Here's what I wish I knew before diving in.


The Reality of Getting Clients

I thought talent would speak for itself. Nope.

  • Cold DMs? Mostly ignored.
  • Upwork/Fiverr? A race to the bottom on pricing.
  • Networking? Awkward at first, but the only thing that actually worked.

The breakthrough came when I stopped pitching services and started sharing solutions to problems people actually talked about (Twitter, niche forums, even Reddit).

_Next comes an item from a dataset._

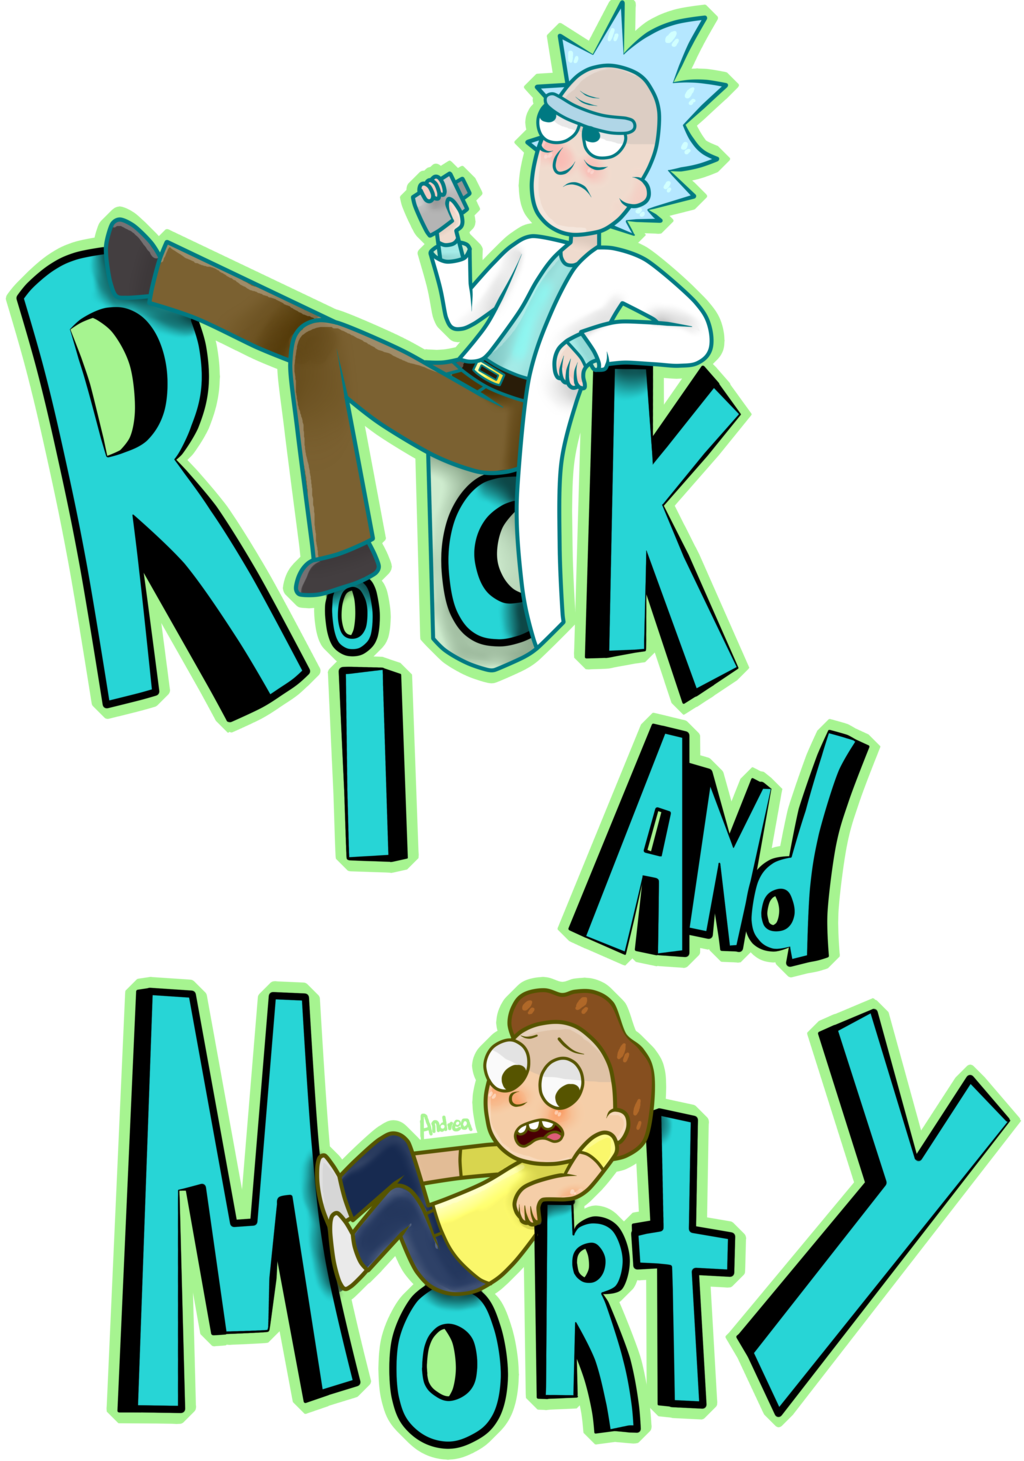 Rick and morty Logos

The Ugly Truths No One Tells You

The Hard Parts

  • Feast or famine is real. Some months I made 3x my old salary, others I didn't.
  • Scope creep will murder your profits if you don't set boundaries early.
  • You're now a salesperson, accountant, and therapist—for yourself.

The Surprising Wins

  • Raise your rates. Seriously. My best clients came after I doubled my prices.
  • Specialize. "I do websites" got crickets. "I help e-commerce brands convert browsers to buyers" got checks.
  • Done > perfect. Most clients just want it good enough, fast.

The Systems That Saved Me

  1. Templates for everything: Proposals, contracts, invoices. Saves hours.
  2. Time tracking: Toggl showed me I was undercharging by 200% on some projects.
  3. The "F*ck Off Fund": 3 months of living expenses in the bank = saying no to bad clients.

"Freelancing isn't about working whenever you want—it's about working all the time unless you systemize." — Me, at 2AM working on a client's Server


What I'd Do Differently

  • Niche down faster: Wasted months being a "generalist."
  • Fire bad clients sooner: The 20% nightmare clients caused 80% of my stress.
  • Track EVERY hour: Those "quick fixes" added up to thousands in lost revenue.

Questions That Changed Everything

  • "Would I do this project for half the price?" (If no, my rate was too low)
  • "Is this client going to make me dread Mondays?" (Learned this the hard way)
  • "What's the simplest solution that works?" (Perfectionism is a profit-killer)

Music for Surviving Freelancing

When the imposter syndrome hits: "Started From the Bottom" by Drake. When you finally land that dream client: "Money Longer" by Lil Uzi Vert.